First, the UK government must work to establish clarity regarding the UK’s position in the World Trade Organization (WTO) as quickly as possible. Given the length of time associated with the conclusion of FTAs (normally several years), the UK must accept the possibility that it may trade for a time under WTO rules alone. This will involving setting tariff commitments on a range of goods (likely in step with existing ones as a member of the EU) as well as its specific services commitments under the General Agreement on Trade in Services (GATS), especially in financial services. Issues relating to the UK’s portion of the EU’s tariff free quotas and agricultural subsidies will need to be ironed out as well. Simply cutting and pasting EU commitments in these areas will not work, as many have suggested.
In terms of bilateral deals as “Global Britain”, the UK must initiate negotiations for a UK-EU FTA as soon as is reasonably practical. Such an arrangement will involve customs procedures and will probably be structured as a phase-in process in parallel to the Article 50 negotiation procedure, which is expected to begin later in March. Again with respect to the crucially important financial services, it is vital that the government avoid the risk of the sudden termination of passporting, which allows banks and other finance firms to operate across the EU as long as they have a base in the UK.
The British government should try to obtain the closest it can get to the current system of passporting for financial services. With services emerging as the central sphere of focus (as distinct from goods where tariffs are reasonably low under the WTO as it is), the UK-EU FTA should attempt to reproduce the right of establishment and mutual recognition of professional qualifications which the UK enjoyed as a member of the EU.
Re-join the EFTA
The UK government must also keep in mind the need for a clear dispute resolution mechanism within the UK-EU FTA. More specifically, it must decide whether it wishes to accept the new Investment Court System for investor-state dispute settlement claims which has featured in the Comprehensive Economic and Trade Agreement (CETA) with Canada and other EU FTAs. On balance this system appears to be somewhat pointless and may lead to unnecessary expense and delay, in contrast to conventional investor-state dispute settlement, so it would be better to avoid it in the interests of commercial expediency and flexibility.

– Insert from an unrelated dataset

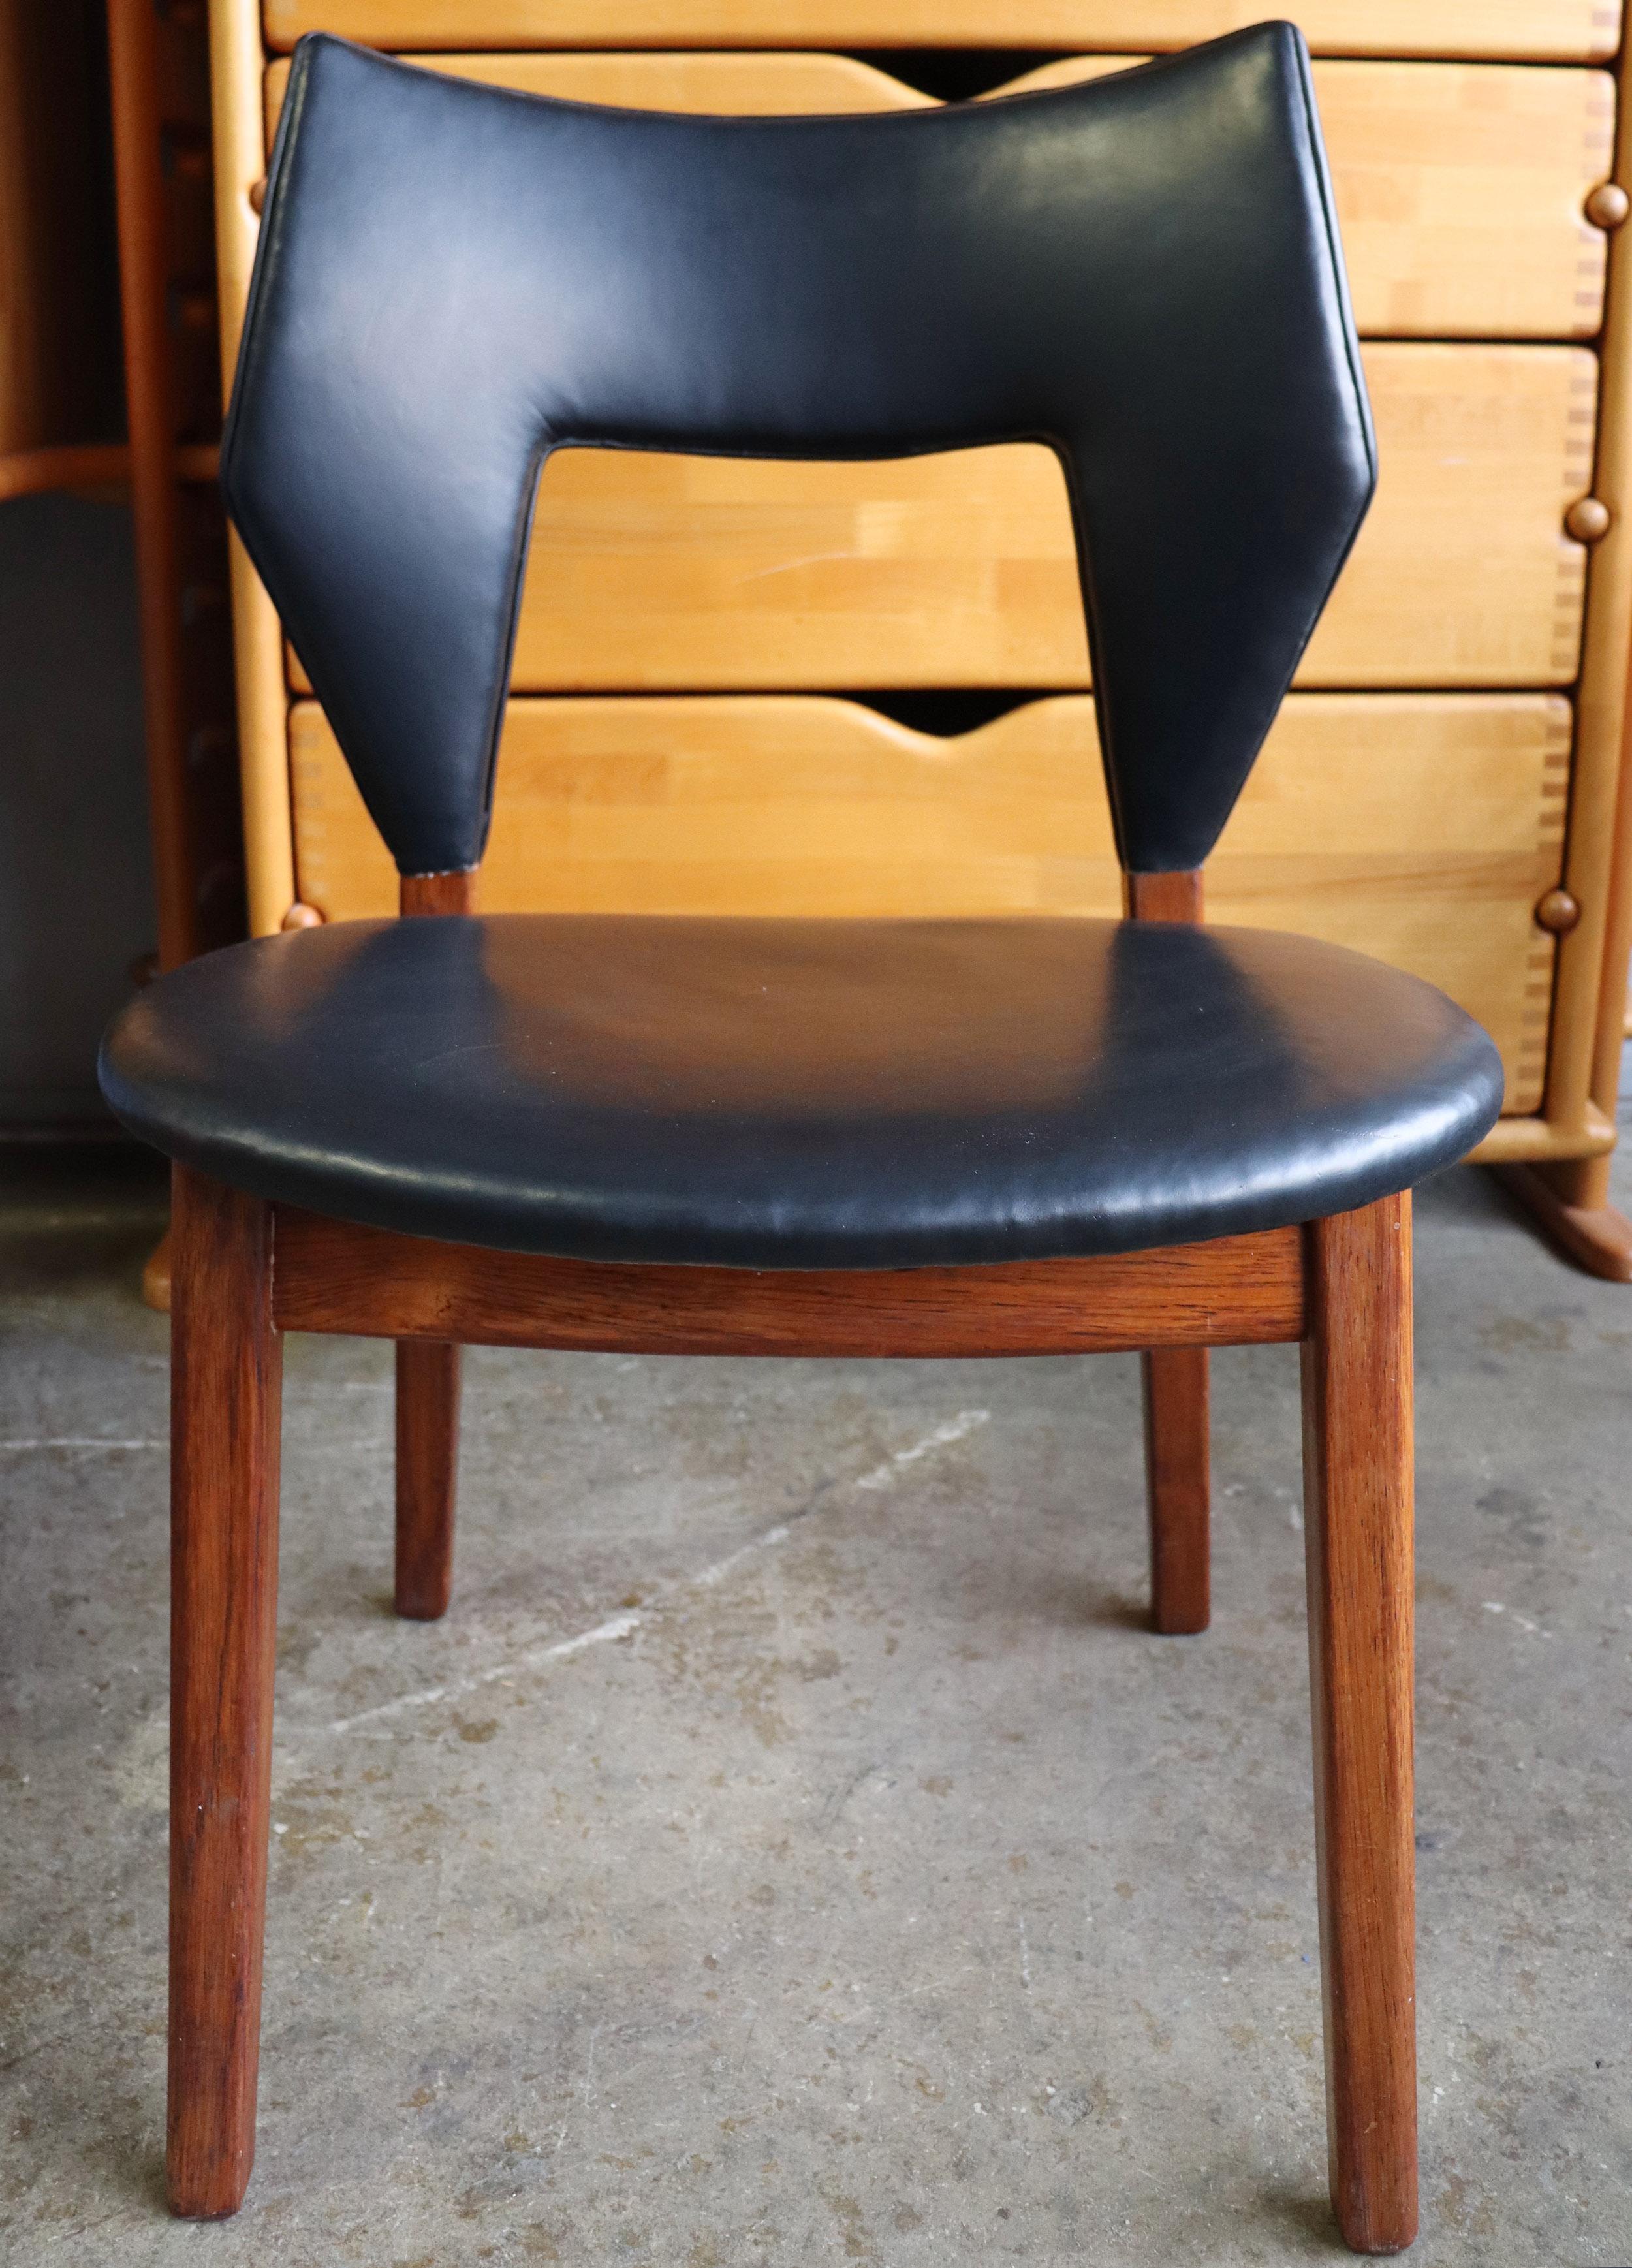 Tove & Edvard Kindt-Larsen Rosewood Chair for Thorald Madsens 1

Likewise, the UK should attempt to clarify how complex disputes in the financial services sector will be resolved in the absence of the jurisdiction of the European Court of Justice.
It may be worthwhile for the UK to consider the re-joining of the European Free Trade Association (EFTA), an intergovernmental organization aimed at promoting free trade which consists of Norway, Liechenstein, Switzerland and Iceland. Such an arrangement may possibly facilitate the UK’s economic transition to a post-EU world. It may be further possible to amend the EFTA’s own twenty-seven FTAs to include the UK as this could be an easier way of substituting the EU’s FTAs (such as for example the new CETA with Canada) in the event that a grandfathering process is impossible or too complex.
Lastly, while it is in the interests of virtually all parties that the residency rights of EU nationals living in the UK not be used as a bargaining chip to secure greater trade and investment rights, we must also acknowledge the reality that surrendering this feature too easily could jeopardize the rights of UK nationals living in the EU if it is extended without guarantees of reciprocity.
All in all there are obviously many complex negotiations ahead, but the UK (and the EU-27) have been preparing for an amicable divorce for some time and there is no reason to expect that we will not have clear and mutually advantageous solutions to the above issues (and others) by mid-2019.
The General Agreement on Trade in Services (GATS) is a treaty of the World Trade Organization (WTO) that entered into force in January 1995 as a result of the Uruguay Round negotiations. The treaty was created to extend the multilateral trading system to service sector, in the same way the General Agreement on Tariffs and Trade (GATT) provides such a system for merchandise trade. All members of the WTO are parties to the GATS.